Methods and materials
2
Literature search
2.1
Two investigators independently searched PubMed, Embase, the Cochrane Library, and Web of Science for relevant English-language studies published up to February 2025. The search strategy combined Medical Subject Headings (MeSH) and free-text terms, including “Transcatheter Aortic Valve Replacement,” “Transcatheter Aortic Valve Implantation,” “TAVR,” “TAVI,” “Acute Kidney Injury,” “Acute Kidney Injuries,” and “Risk Factors.” Detailed search strategies are provided in Supplementary Table S1. This systematic review protocol was registered in PROSPERO (CRD: 420251047715).
Inclusion and exclusion criteria
2.2
Inclusion criteria
- Study design: case–control or cohort.
- Topic: AKI following TAVR.
- Population: patients with clinically confirmed AS treated by TAVR; those who developed postoperative AKI constituted the exposure group, and those without AKI served as controls.
- Outcomes: uni- or multivariable analyses of risk factors.
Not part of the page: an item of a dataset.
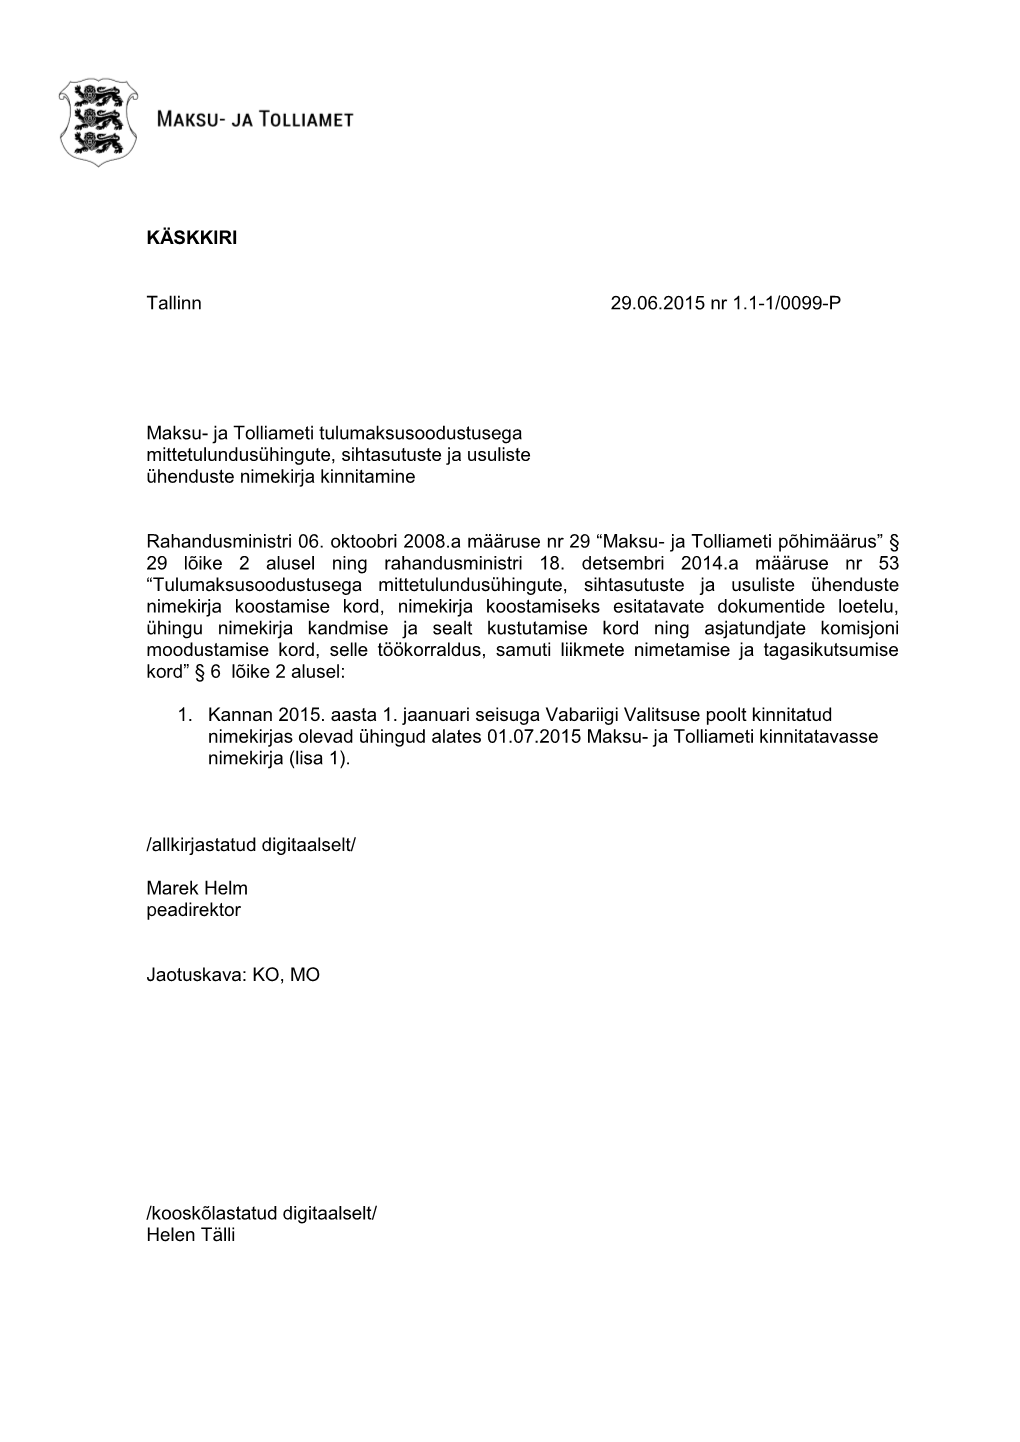 KÄSKKIRI Tallinn 29.06.2015 Nr 1.1-1/0099-P Maksu- Ja Tolliameti Tulumaksusoodustusega Mittetulundusühingute, Sihtasutus

When both analyses were reported in the same article, the multivariable findings were extracted; if only univariable data were available, those results were used.
Exclusion criteria
- Duplicate publications.
- Conference abstracts, reviews, meta-analyses, animal studies, letters, or reports without original data.
- Studies with unclear or non-extractable outcome data.
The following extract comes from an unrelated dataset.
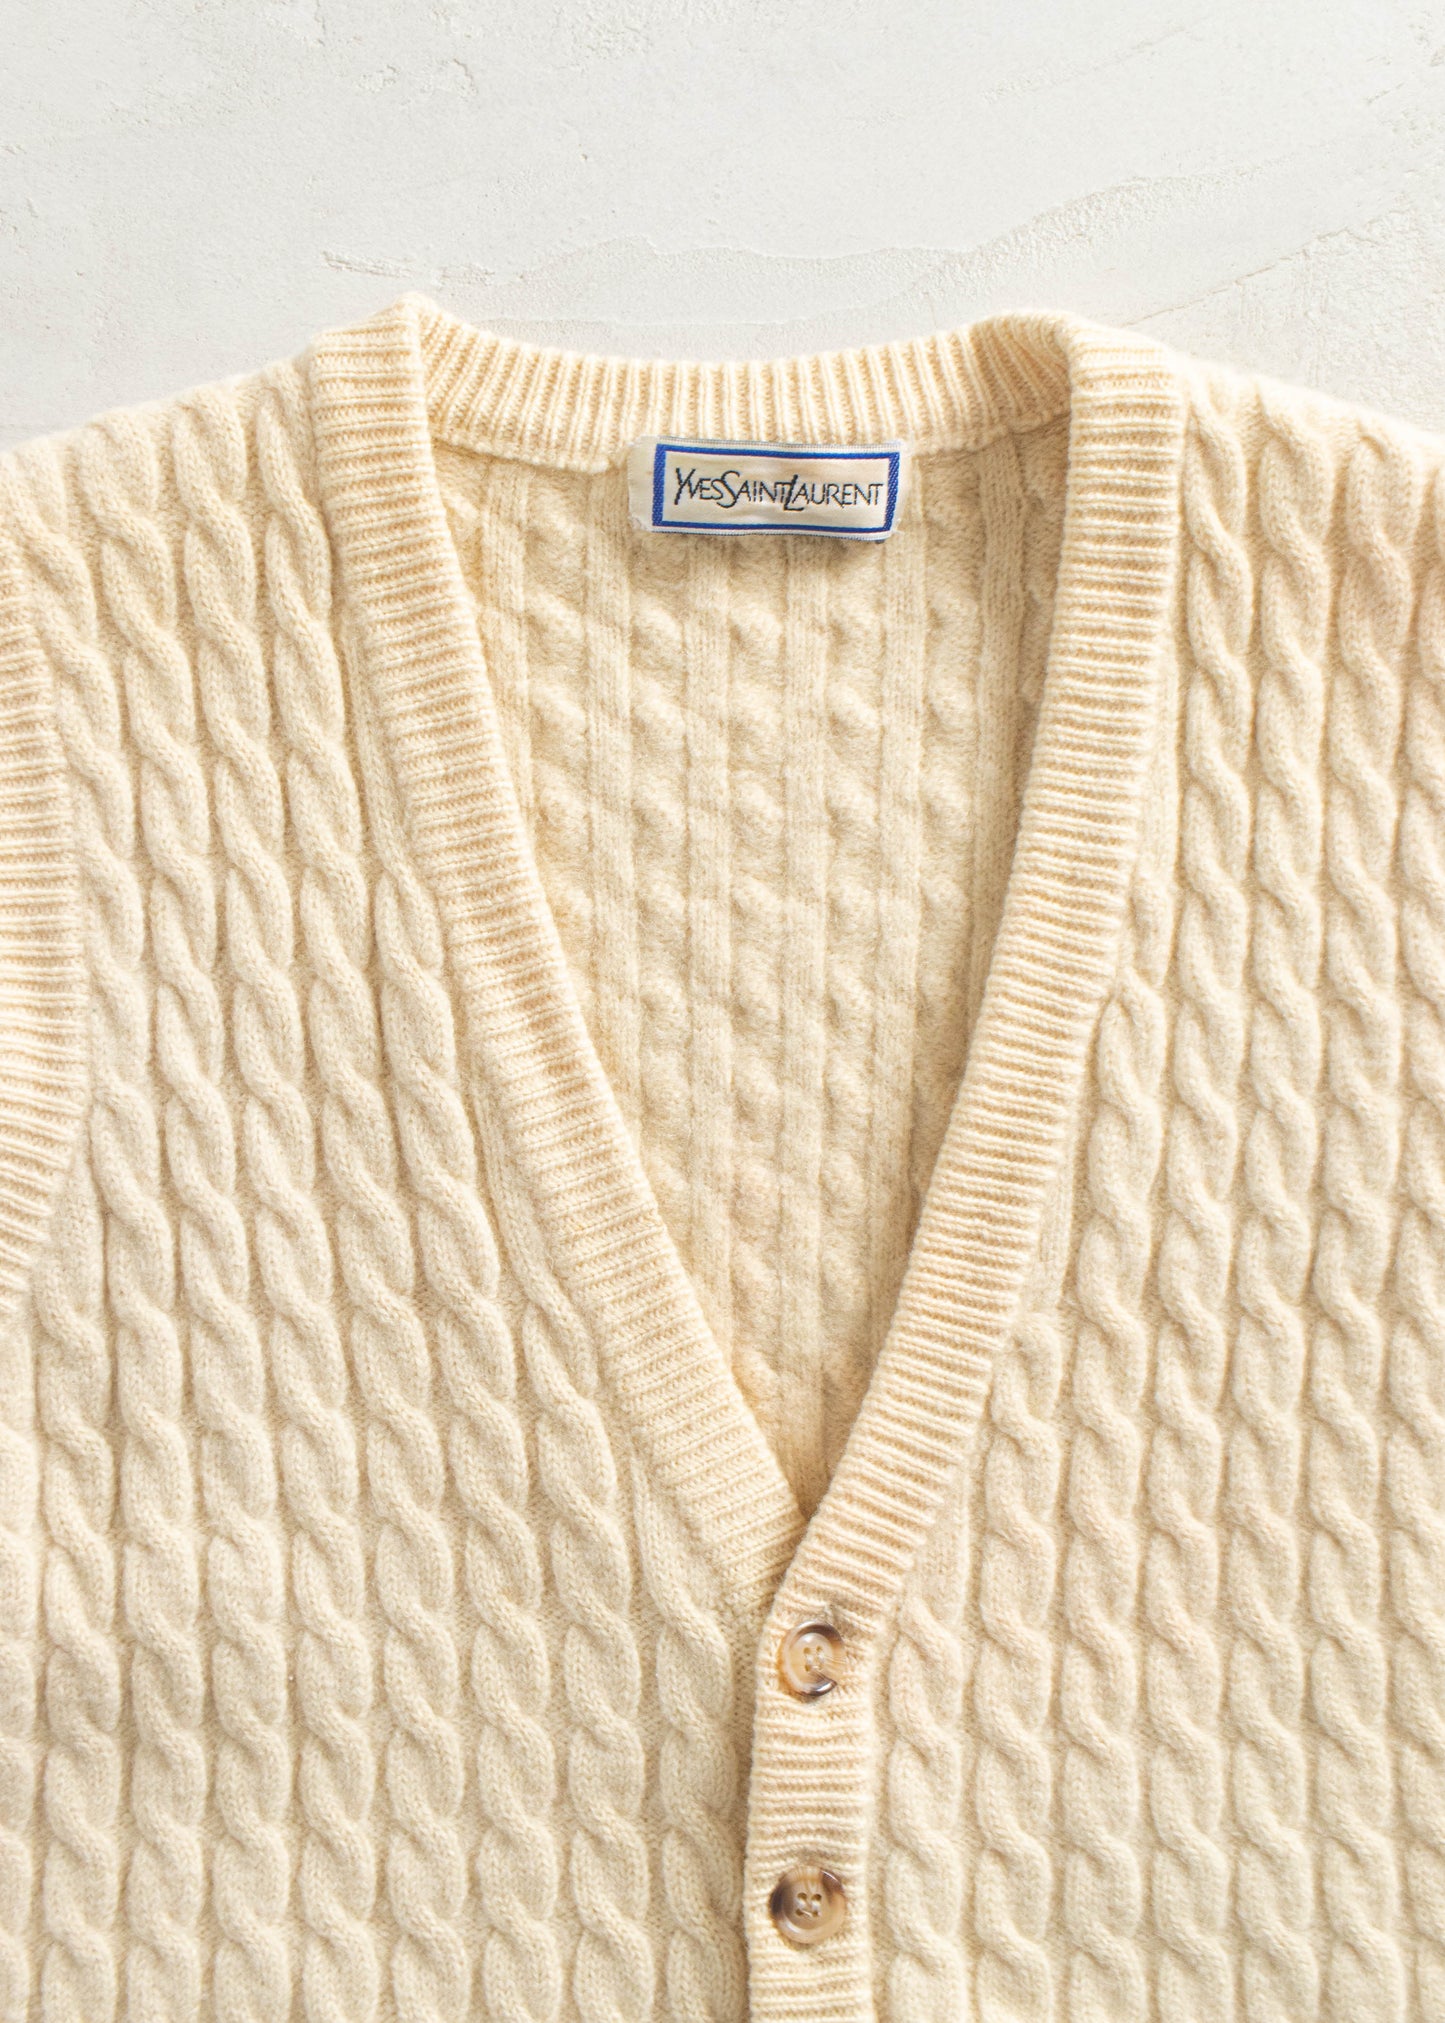 Vintage 1980s Yves Saint- Laurent Sweater Vest Size XS/S

- Articles whose full text could not be obtained.
Data extraction
2.3
All retrieved articles were imported into EndNote for management. Two reviewers independently screened titles, abstracts, and full texts. Studies with clear eligibility were directly included or excluded; discrepancies were resolved by a third reviewer. Full texts were reviewed for eligibility based on the predefined inclusion and exclusion criteria. Relevant data were extracted and cross-checked to ensure accuracy and consistency. First author, publication year, country, study design, sample size, patient sex and age and results from univariable or multivariable risk factor analyses were extracted.
Quality assessment
2.4
The quality of case–control studies was evaluated using the Newcastle–Ottawa Scale (NOS) (21), which assesses three domains: selection of study groups (4 points), comparability between groups (2 points), and exposure or outcome assessment (3 points). The maximum score is 9, with scores ≤4 indicating low quality, 5–6 moderate quality, and ≥7 high quality. Disagreements between the two reviewers were resolved through discussion or consultation with a third reviewer.
Statistical analysis
2.5
Stata version 15.0 was performed for statistical analyses. For dichotomous variables, odds ratios (ORs) with 95% confidence intervals (CIs) were calculated. Heterogeneity was assessed using the Q test and the I^2^ statistic. A random-effects model was applied if I^2^ >50%; otherwise, a fixed-effects model was used. For analyses with I^2^ >50%, sensitivity analysis was conducted by sequentially excluding individual studies to identify potential sources of heterogeneity and assess the robustness of the results. Funnel plots and Egger's test were used to evaluate the publication bias, with a significance threshold of α = 0.05. A p-value < 0.05 was considered statistically significant.
Results
3
Literature Search Process and Results
3.1
A total of 1,600 records were initially identified from CNKI, PubMed, Embase, the Cochrane Library, and Web of Science. After removing duplicates, 1,132 articles remained. Title and abstract screening yielded 65 potentially eligible studies, and full-text review resulted in the inclusion of 34 studies. Literature selection process is shown in Figure 1.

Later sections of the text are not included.